* **Problem to work on**
I would like the lines below, from the one with "1000 dinara, 1944" through the one with "Shocks Recreation Banquet 2015", copied exactly and without any pictures.

* **Data records**

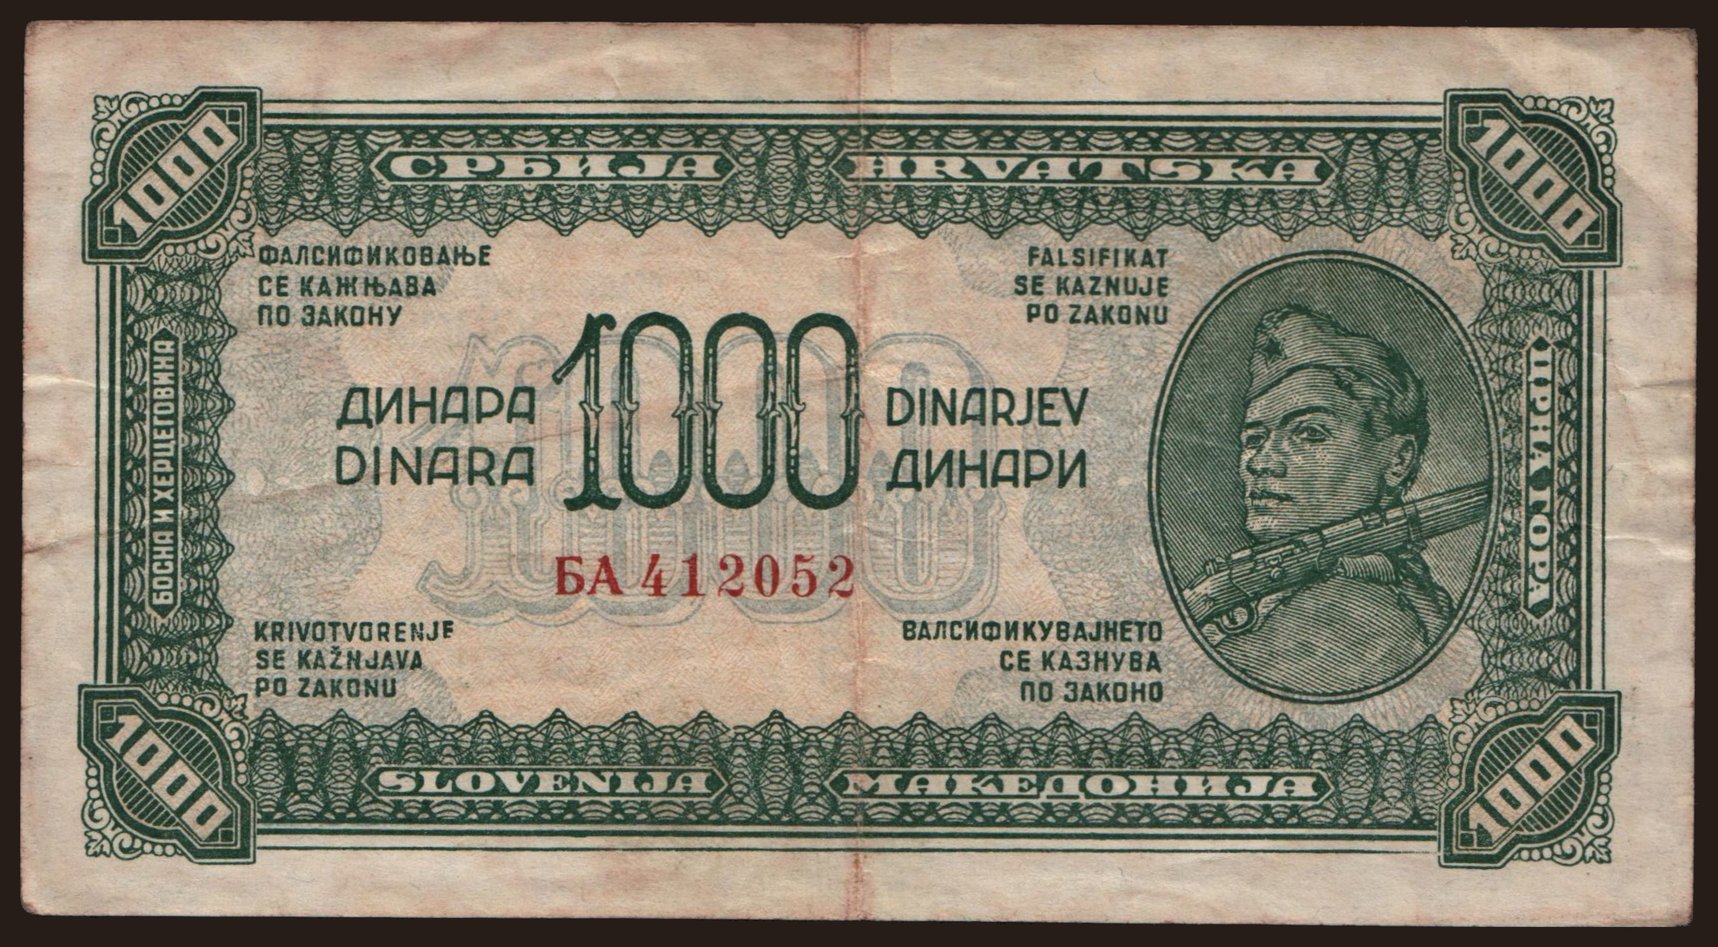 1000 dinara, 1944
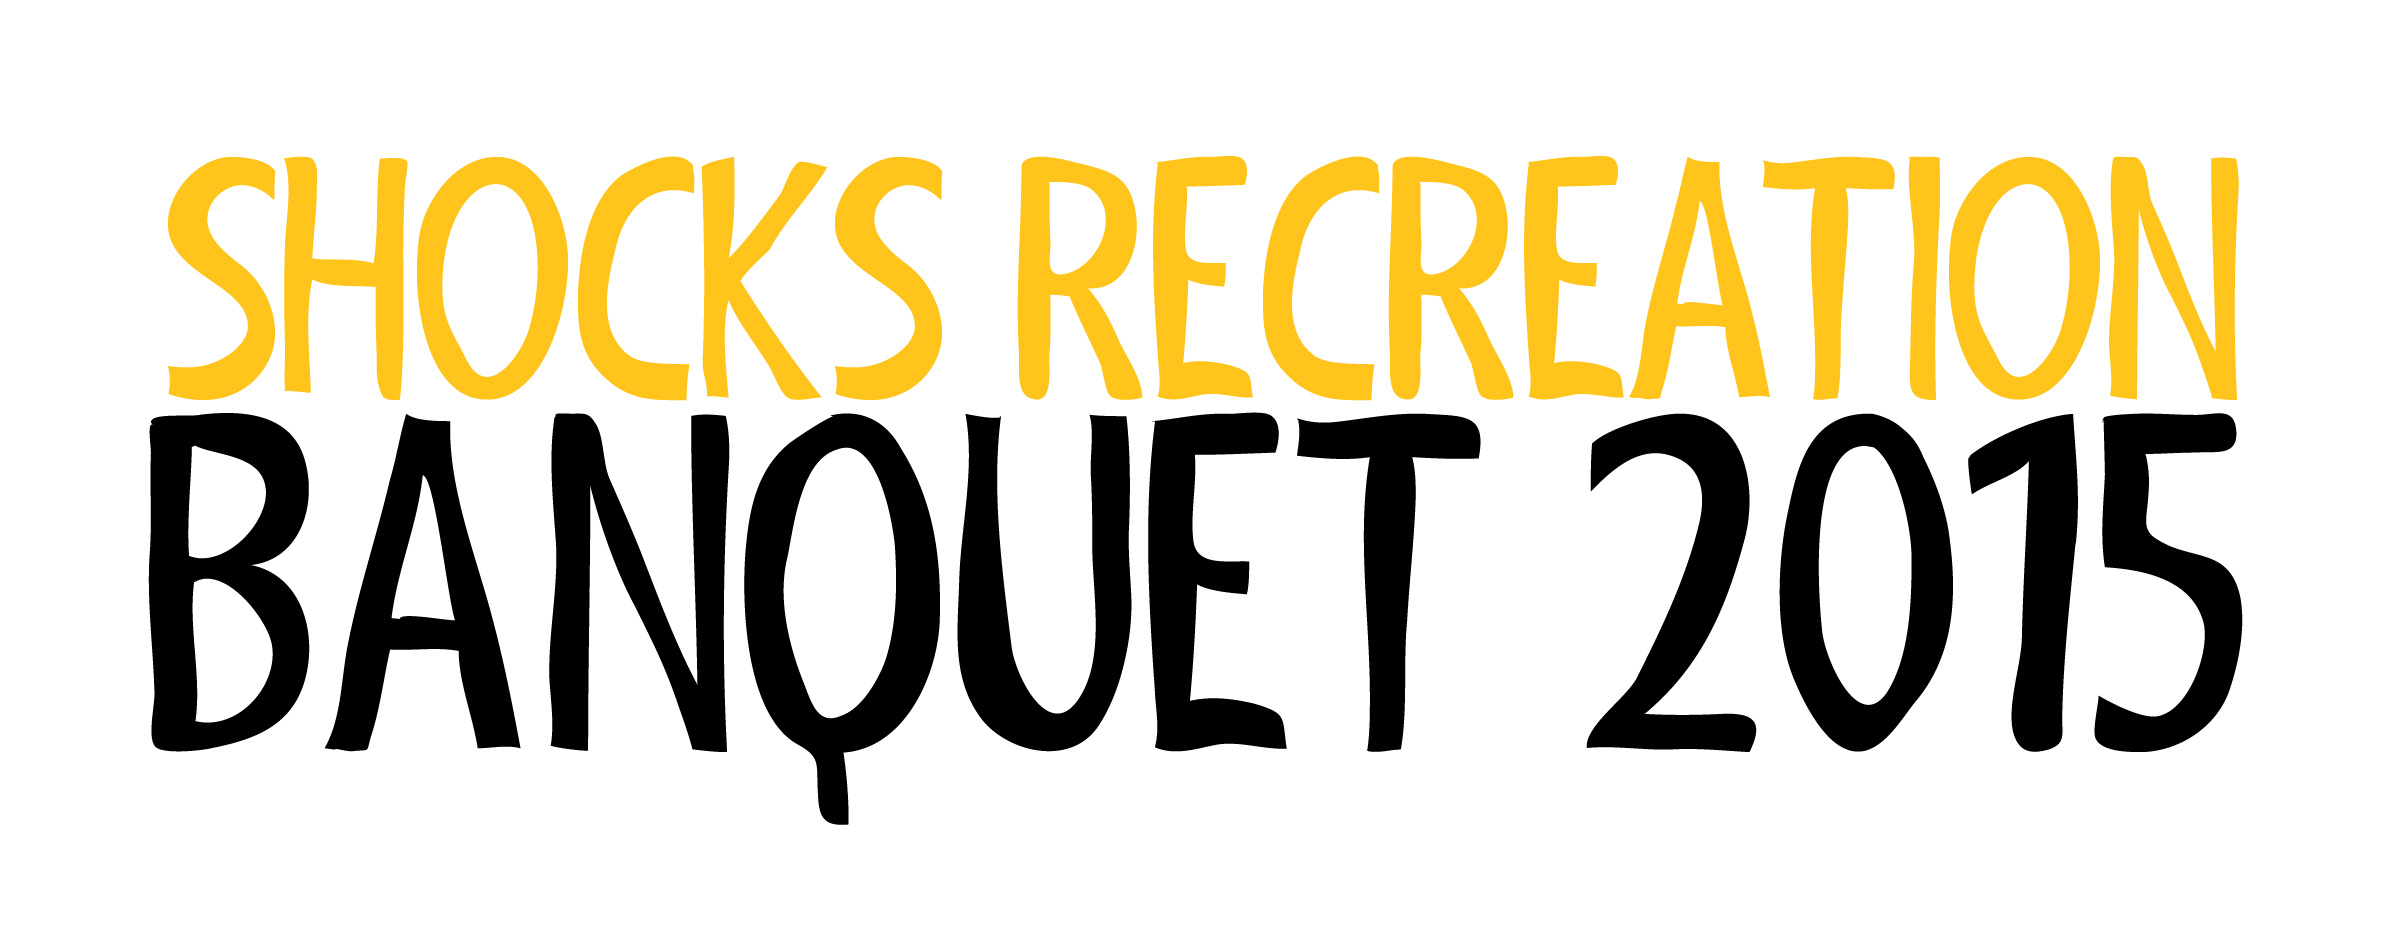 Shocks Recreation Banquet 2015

* * *

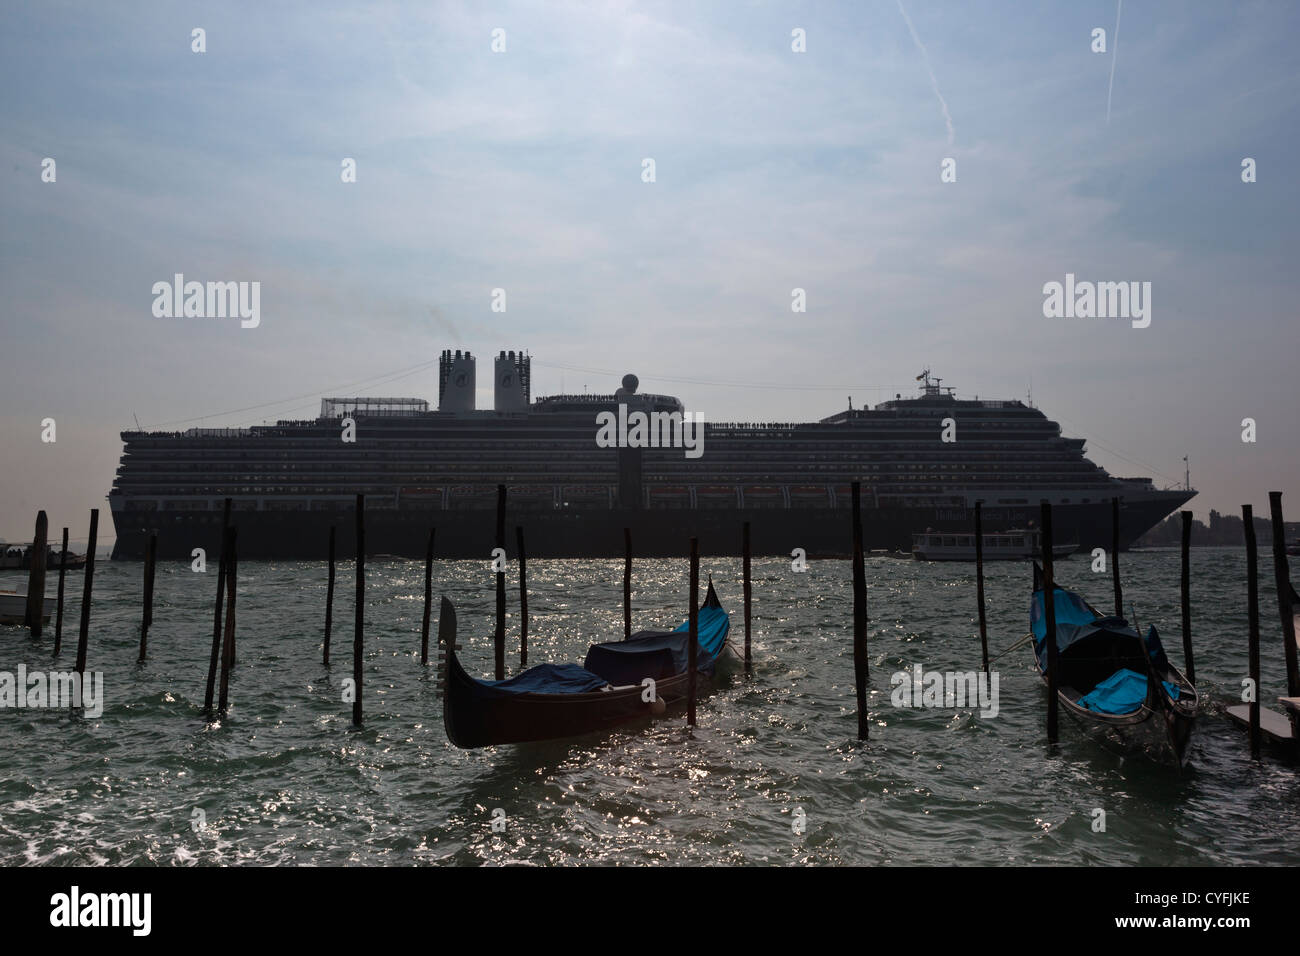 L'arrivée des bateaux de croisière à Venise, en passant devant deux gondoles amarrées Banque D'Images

* **Response to the exercise**
 1000 dinara, 1944
 Shocks Recreation Banquet 2015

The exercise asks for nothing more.